As of 2025, she is part of the Committee on Fisheries, promoting measures against overfishing and a transition to eco-social fishing; of the Committee on the Environment, Public Health and Food Safety; of the Delegation for relations with the Mashreq countries; and of the Delegation to the Parliamentary Assembly of the Union for the Mediterranean.

== Activism and legal issues ==
Committed to the protection of marine ecosystems, Fourreau is the founder of Sang Océan, an organization opposing, among other things, the trade of shark fins. As a MEP, she called for the liberation of Canadian environmental activist Paul Watson of Sea Shepherd when he was detained in Denmark.

In July 2025, Fourreau, alongside fellow LFI member and French MP Gabrielle Cathala and other activists, was on board the Gaza Freedom Flotilla, seeking to break Israel's blockade of the Gaza Strip.
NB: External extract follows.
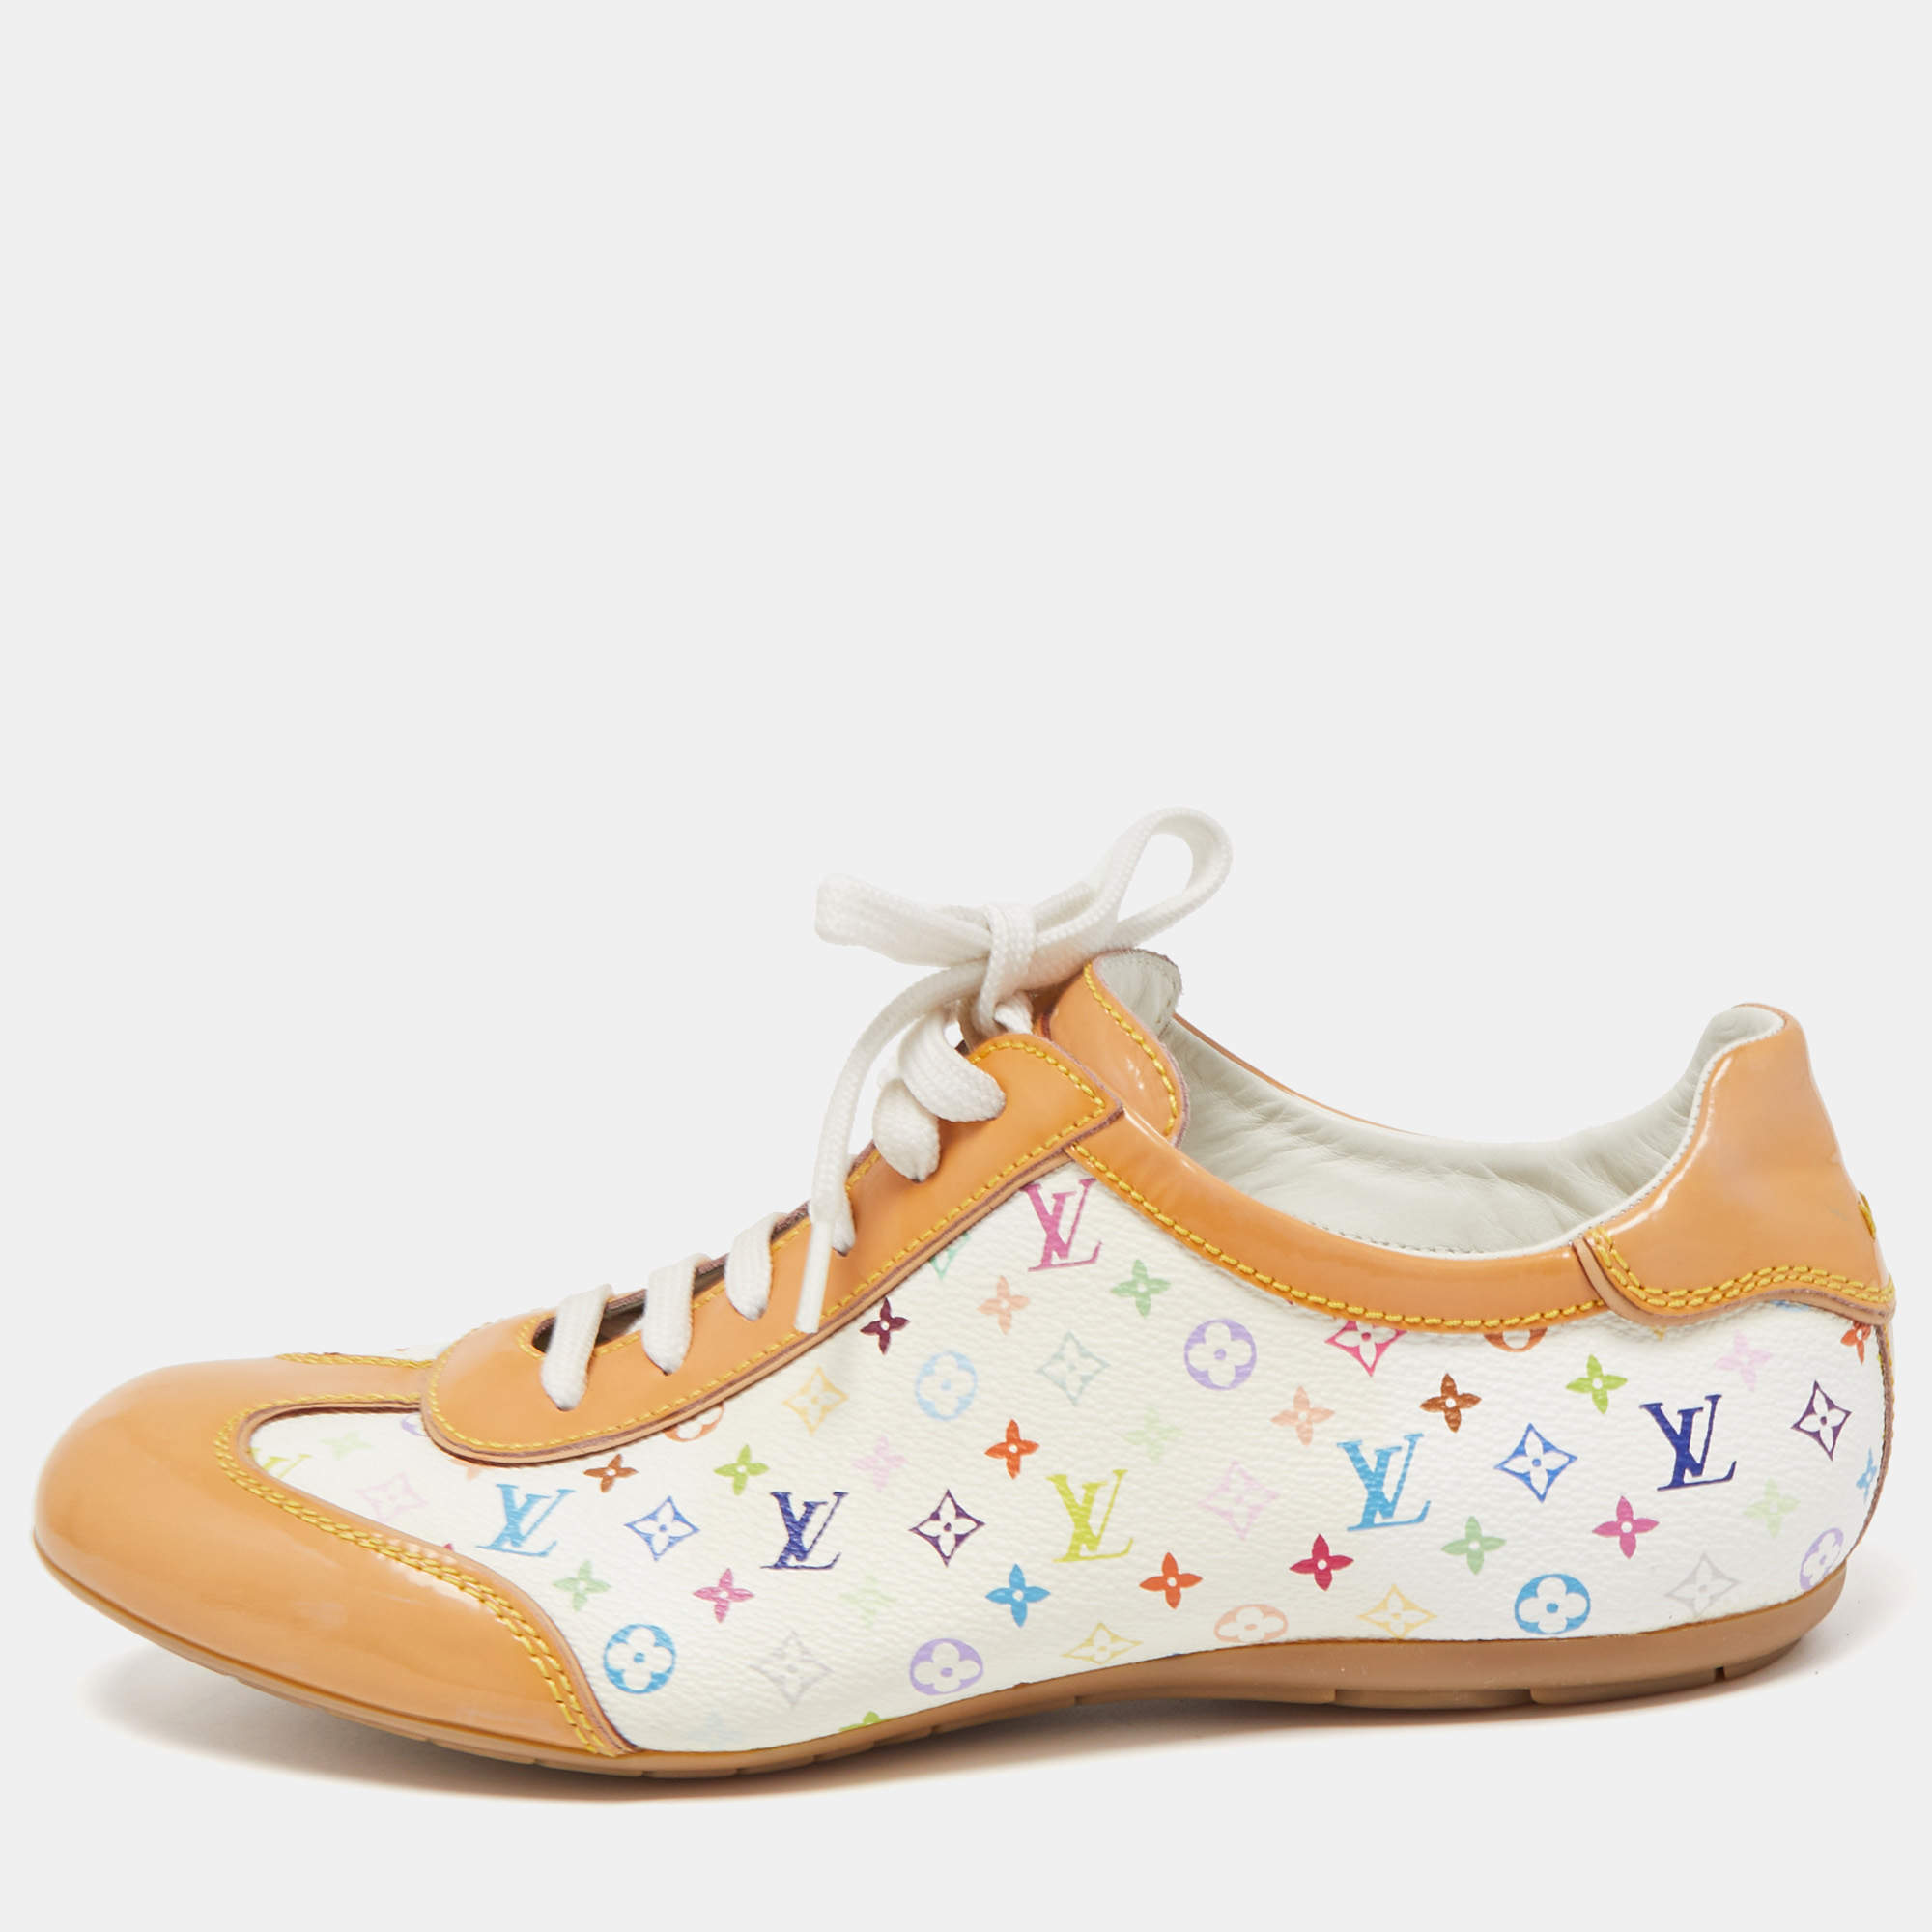 Louis Vuitton Monogram Sneakers Tennis Shoes Canvas Leather LV
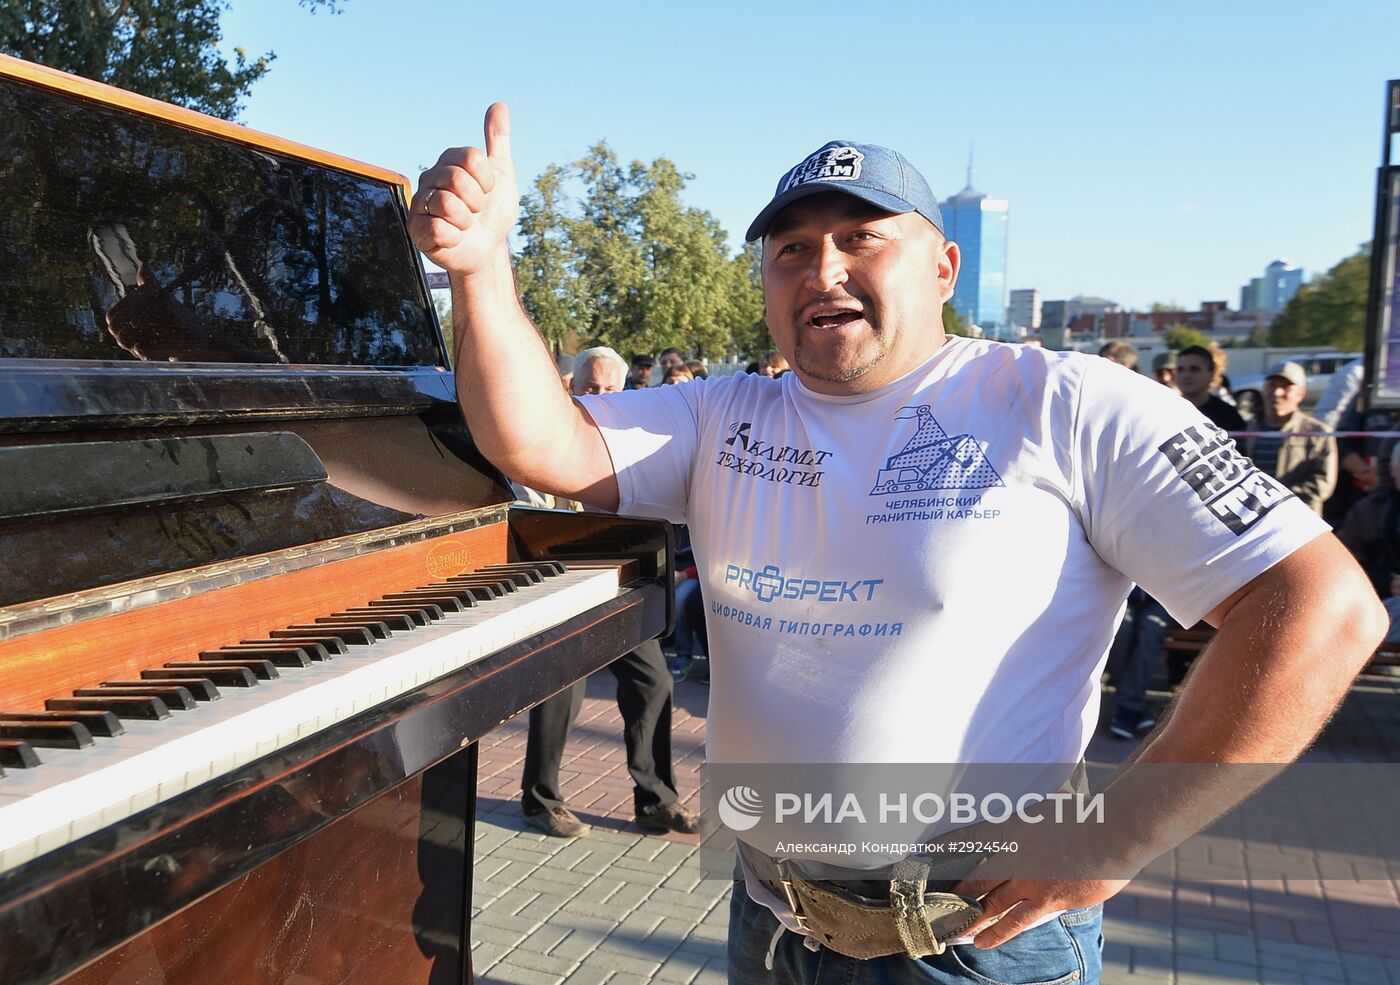 Челябинский силач Эльбрус Нигматуллин установил мировой рекорд

Between 26 and 27 July, the IDF seized the ship, towed it to the Port of Ashdod, and detained the activists on board, vowing to deport them to their respective countries. Along with most of the detainees, she refused to sign deportation papers, and went on a hunger strike to protest Israel's illegal arrest of the crew and its starvation of Palestinians in Gaza; Cathala was expelled instead. On 29 July, Fourreau was transferred to the airport for deportation.

On 13 August 2025, Fourreau was briefly detained and interrogated by the judicial police of Caen for "apology of terrorism". She was questioned about the phrase "long live his fight" (que vive son combat), which she had used the previous month in a tweet celebrating the release of Lebanese pro-Palestinian militant Georges Ibrahim Abdallah (a convicted terrorist). Fourreau, receiving solidarity from other LFI members, denounced the incident as an act of "political repression", contrasting the authorities' response to her tweet with their inaction over "dozens of tweets which actually constitute apology of the genocide taking place in Gaza".